Laursen v. State

OPINION

By the Court,

Mowbray, J.:

Appellant Laursen planned to kill one of his sons-in-law; however, he missed his shot and killed another son-in-law. He was convicted of first degree murder. On the day of the homicide, appellant drank several beers. Approximately three hours *570after the shooting he gave a post-Miranda statement which was incriminating. Over objection, the trial judge found the statement to be voluntary, and admitted it into evidence. Appellant contends two errors: the trial judge failed to instruct the jury on the issue of whether the statement was voluntary; and, the trial court placed the burden of proving the voluntariness of the statement on the appellant.

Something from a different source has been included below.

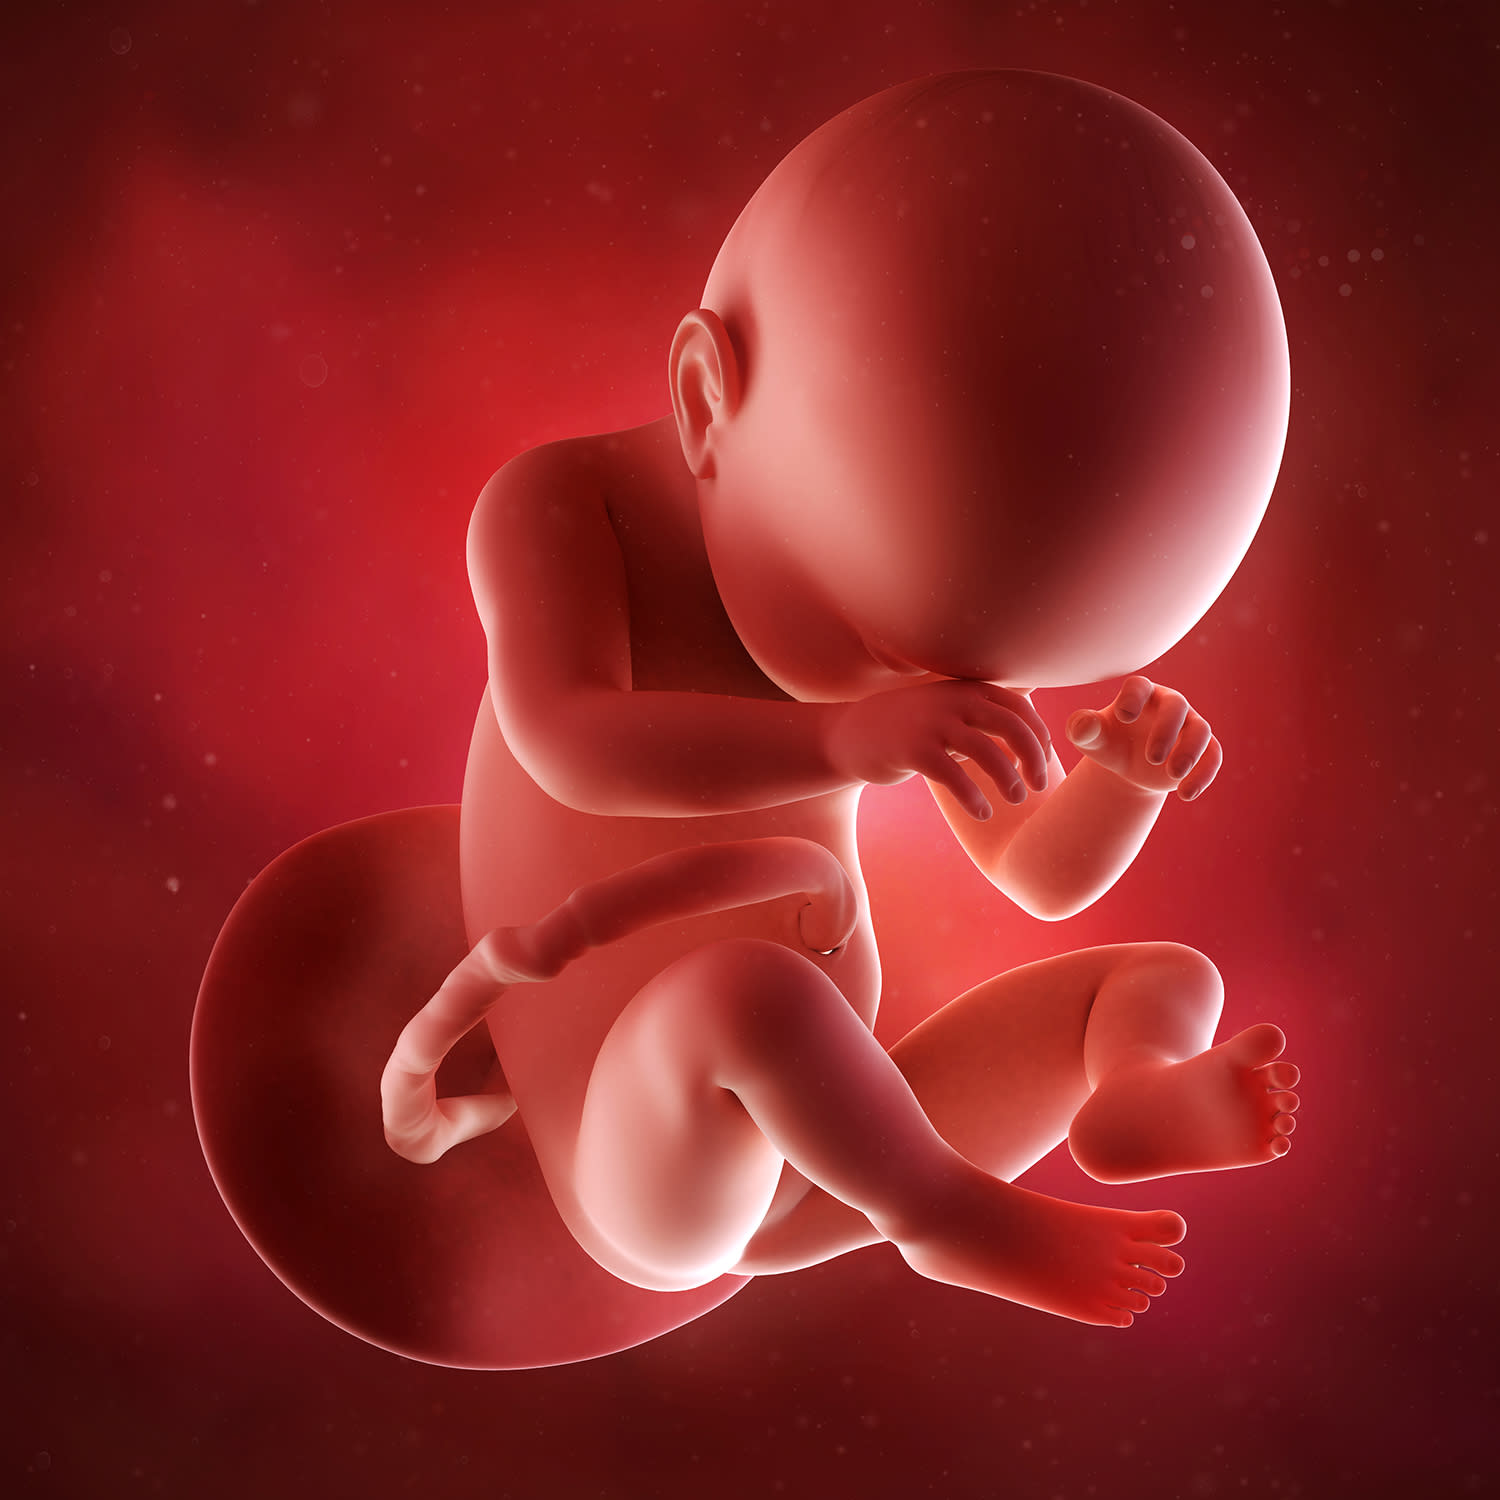 Малыш на 37 неделе. Эмбрион на 37 неделе беременности. Младенец в утробе.
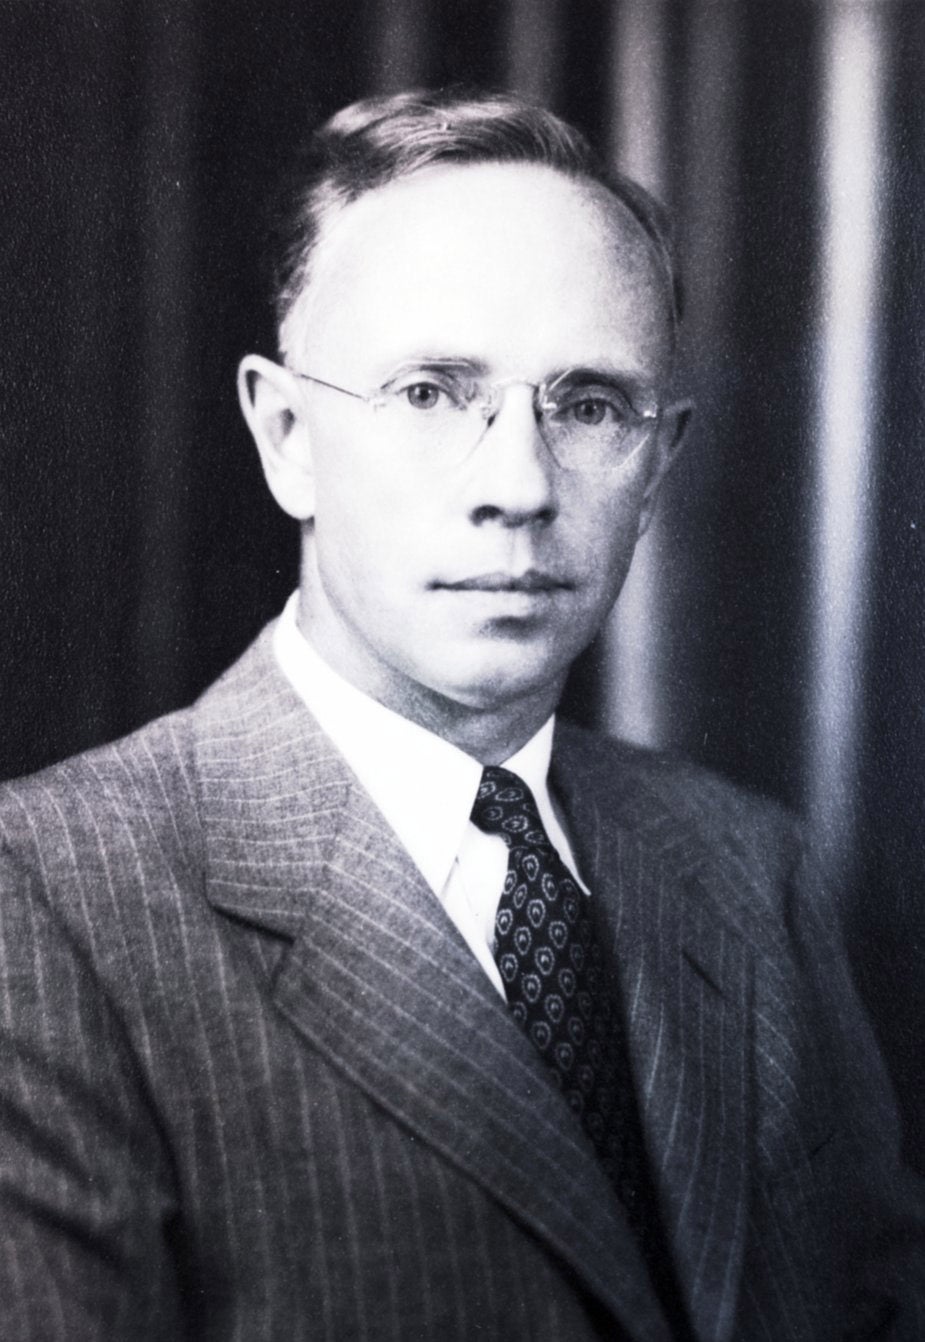 Melvin C. Molstad, 1948

1. After appellant’s arrest the officers took him to the Washoe Medical Center for a blood alcohol test. There he was advised of his rights under Miranda v. Arizona, 384 U.S. 436 (1966). The appellant told the officers at the station:

... I fired two or three rounds and I never in my life missed anything, even a deer, but I missed that son-of-a-bitch I was after.
Question: Did you know what you were doing when you went down to Tom’s house?
Answer: You bet, I was going to stomp ass, sure was.

Appellant claims the court erred in failing to instruct the jury on the voluntariness of this statement. Nevada follows the Massachusetts rule when the voluntariness of a defendant’s statement is put in issue. Carlson v. State, 84 Nev. 534, 445 P.2d 157 (1968). Under this rule the trial judge receives evidence on the voluntariness of the statement and determines whether the statement was voluntary. If so, it is admitted. However, the court must later submit the issue by appropriate instruction to the jury. Carlson v. State, supra. In this case while the trial judge determined that the statement was voluntarily made, the court failed to submit the issue to the jury. Therefore, the court committed error.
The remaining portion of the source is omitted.